A number of techniques for dealing with this problem are enumerated and evaluated in (23) . We will not 
reiterate all the different options here, but instead refer the interested reader to that work for the details. 
Our code employs automated tuning, as described above, to choose between these options. The first (or 
"outermost") tuning stage concerns memory layouts. For each given memory layout, we exploit that DG 
operators can be split into of independent operations, each of which is then tuned independently, using 
various choices for, e.g. loop slicing and use of on-chip storage. From these individual measurements, a 
joint score assigned based on a target operator, and the memory layout is chosen based on this score. While 
the procedure is still mainly brute-force in nature, it employs a few heuristics to recognize poor solutions 
early on. In addition, the code exploits code generation to efficiently generalize over many different partial 
differential equations and mesh dimensionalities. In summary, we found that for high orders of accuracy 
(and thus large matrices), numerous fast code variants exist, and manual tuning is feasible (if tedious).
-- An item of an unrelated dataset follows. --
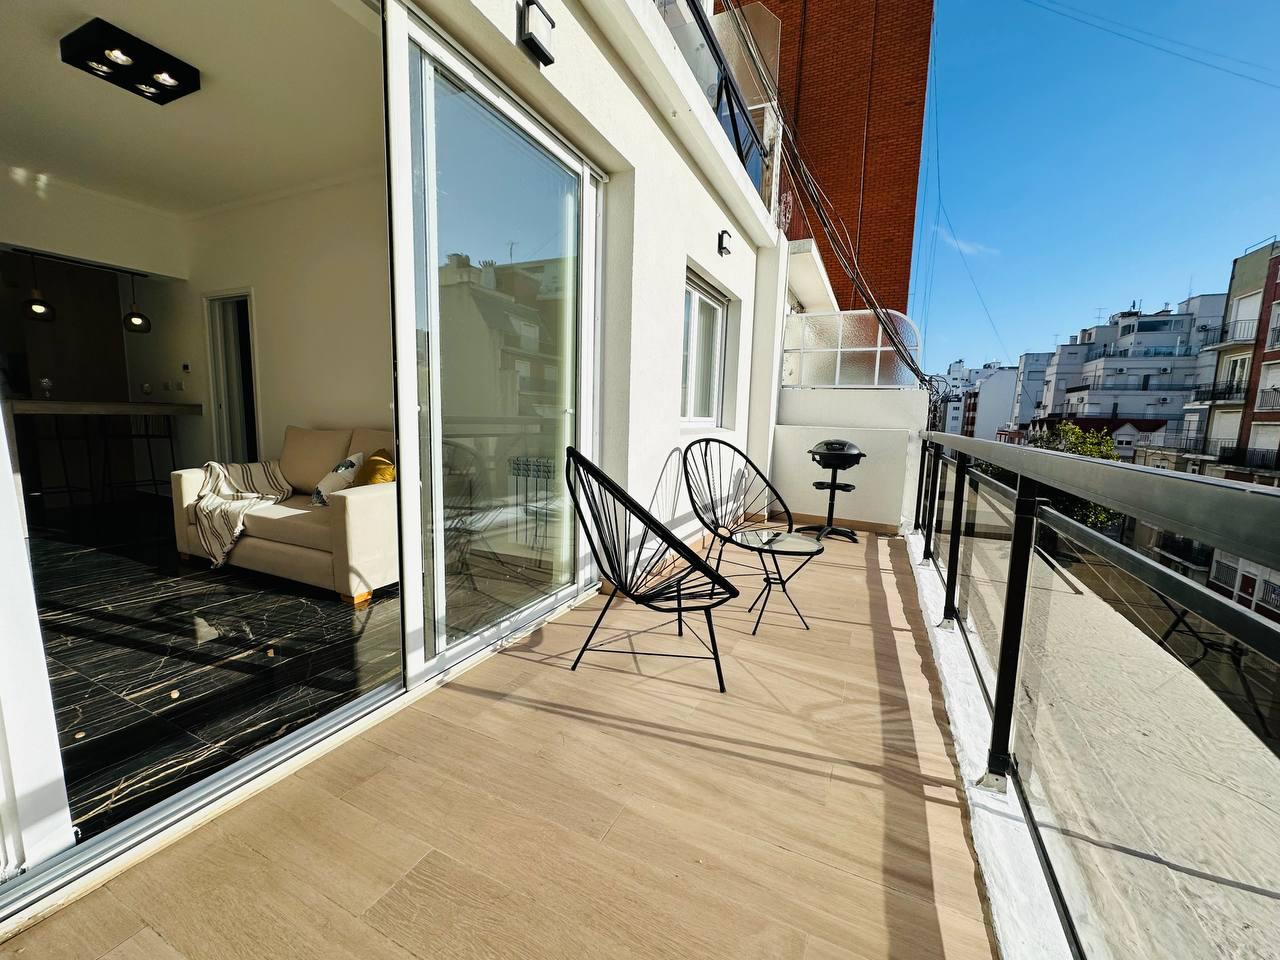 Departamento de 3 ambientes con balcón terraza
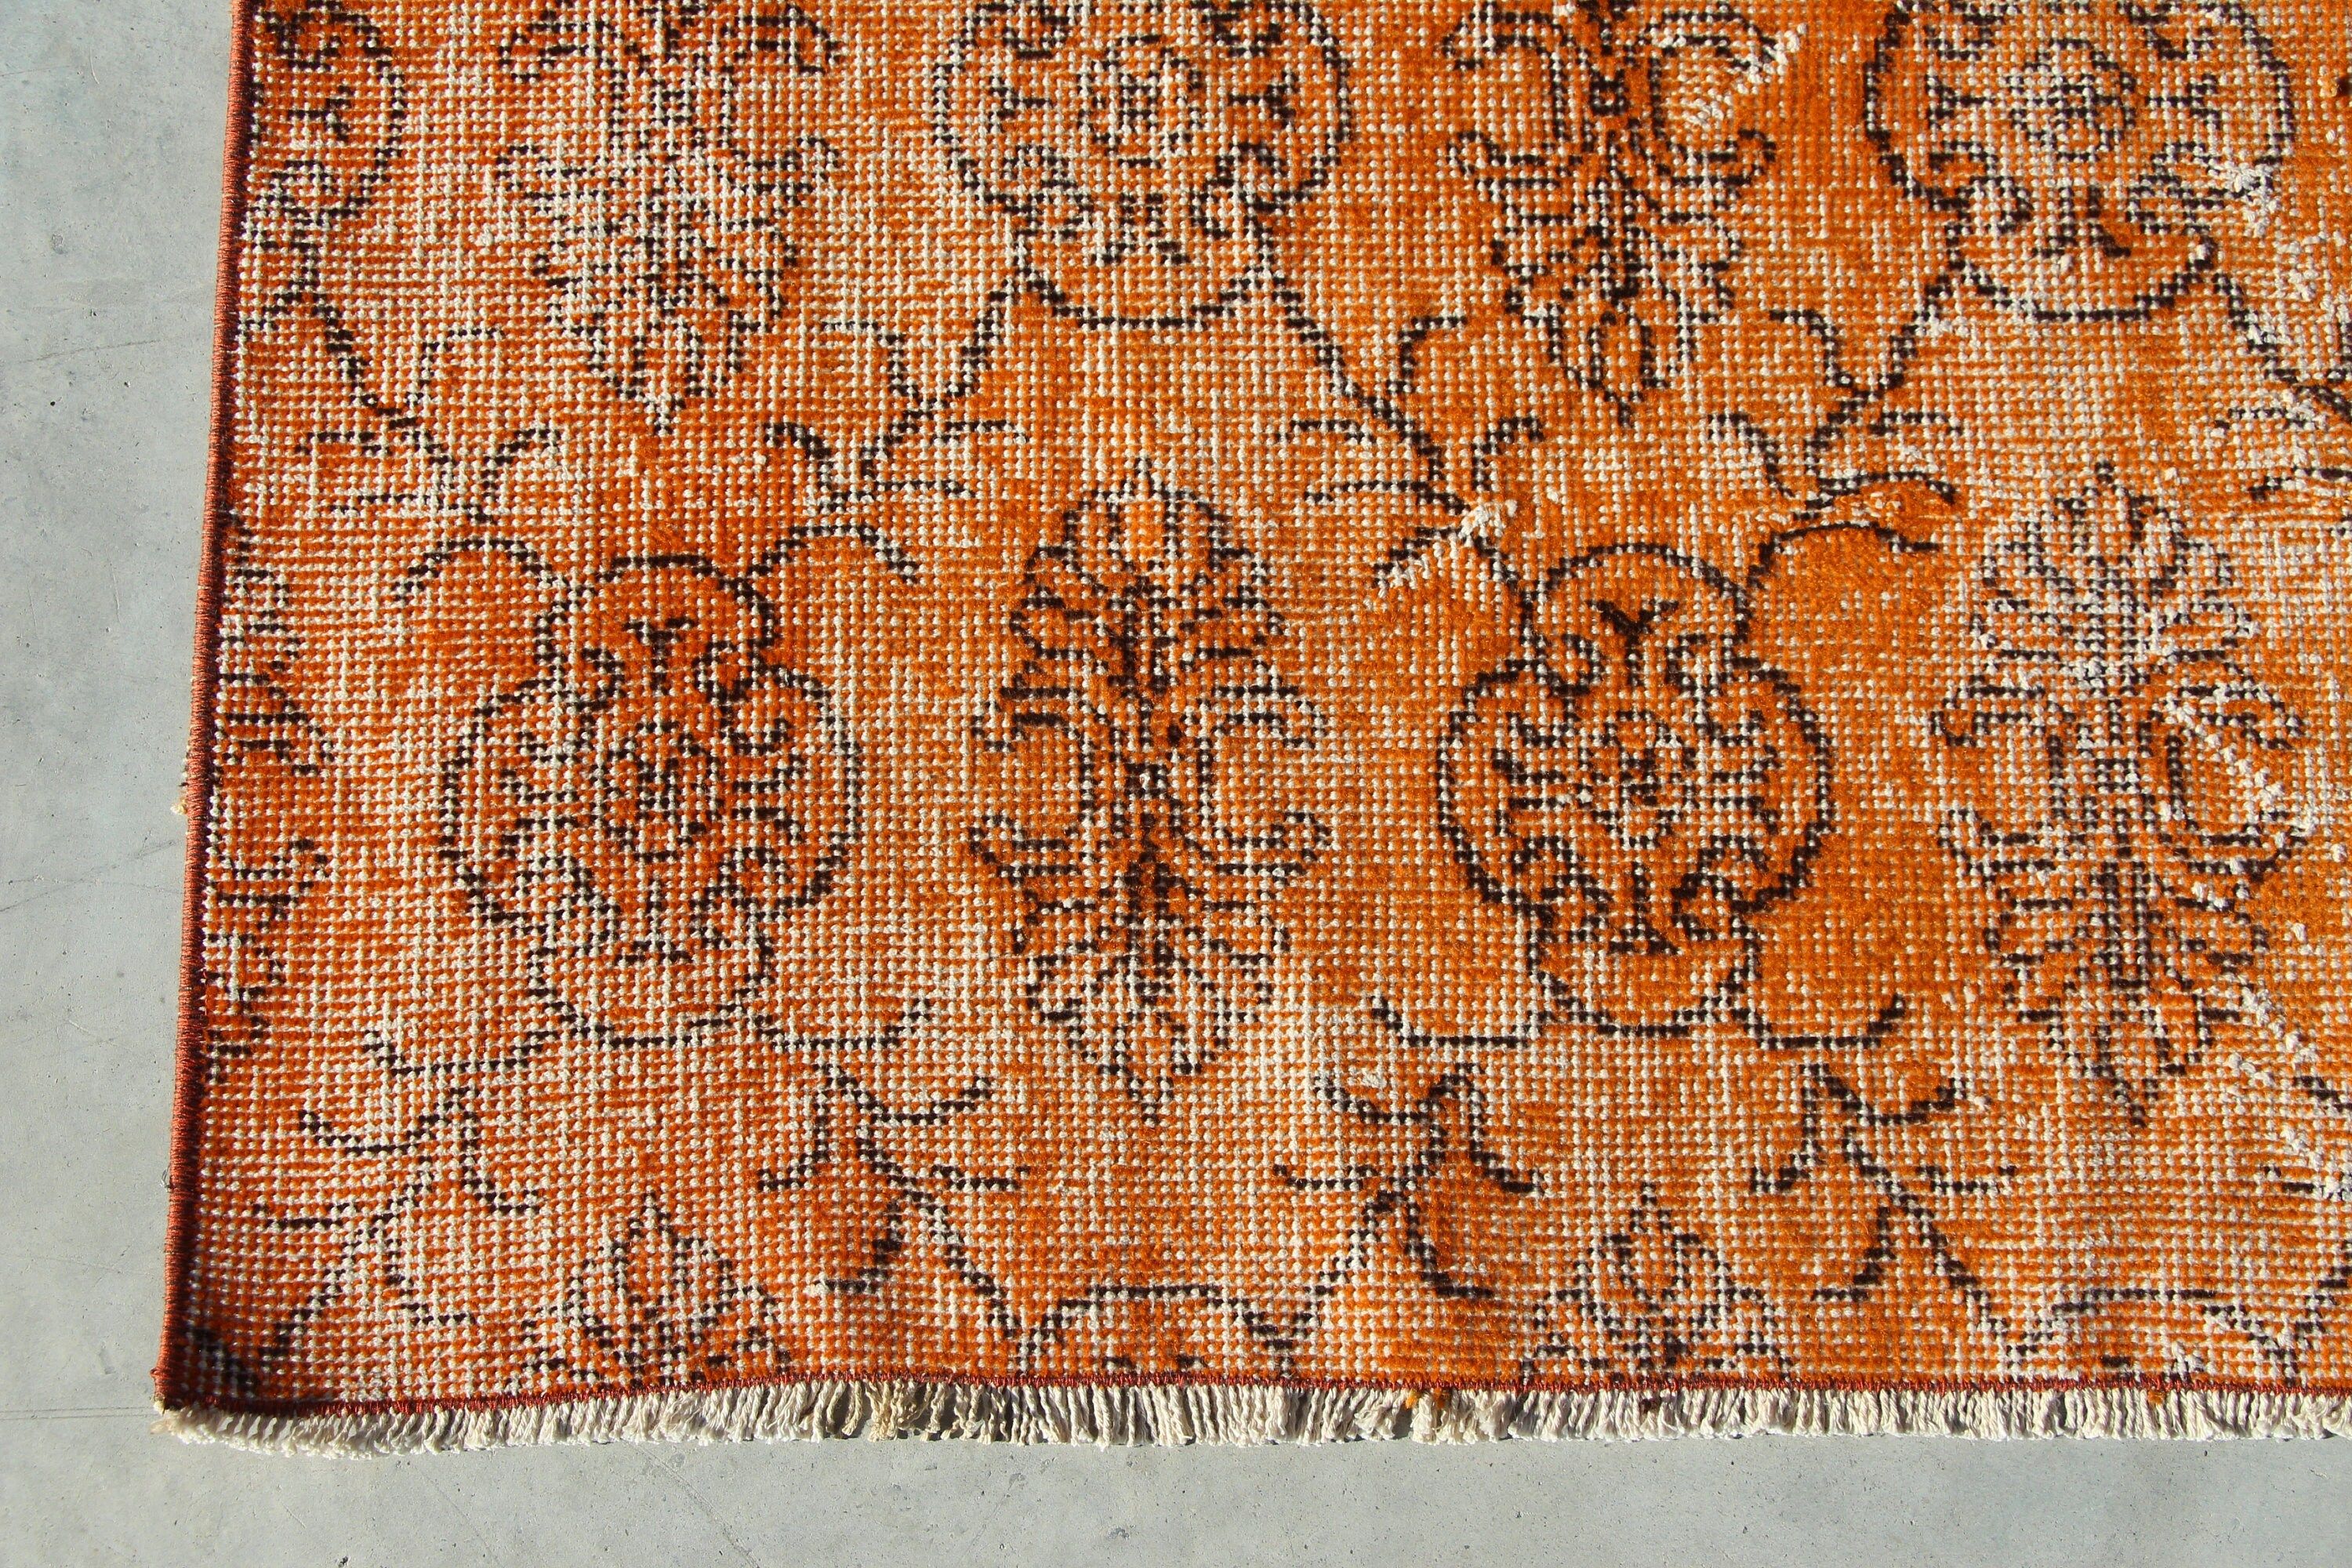 Orange Anatolian Rug, Vintage Rug, Hand Woven Rug, Turkish Rug, 3.7x6.3 ft Accent Rugs, Cool Rug, Bedroom Rug, Home Decor Rugs, Kitchen Rug

At 
lower orders, fast codes seem to be less abundant and depend on "lucky coincidences" that are difficult to 
find by hand. This difficulty is owed in part to many of the matrices' sizes being poorly matched to the 
number of SIMD lanes available. 

This finding is supported by comparing with a mathematically equivalent code which was hand-written 
by a colleague. This alternative code does not employ automated tuning or RTCG. In terms of development 
effort and line count, a fair comparison is difficult to make, since the generating version is both faster and 
more general. The GPU-specific parts occupy roughly 6500 lines of code within a solver package of 33000 
lines, with about 150 lines specific to each application problem. Each individual application problem in the 
conventional version occupies perhaps 1000 lines, within a code of also 33000 lines. When reasoning about 
these numbers, the reader should further consider that the general code contains a number of alternative 
codes that perform the same task, serving as alternatives in automated tuning. With respect to performance, 
the non-generating code manages to do just as well as the generating version for large matrices (and rather 
very high orders) , but for a practically relevant middle range of orders (3, 4, and 5, with matrix sizes of 20 x 20 
and 56 x 56), the generating version fares better by a factors of 2, 1.6, and 1.3. Further, it is encouraging to 
see that the generated code achieves full memory bandwidth utilization from order 3 upwards. For further 
details and performance data on the generating version, we refer the interested reader to |23j .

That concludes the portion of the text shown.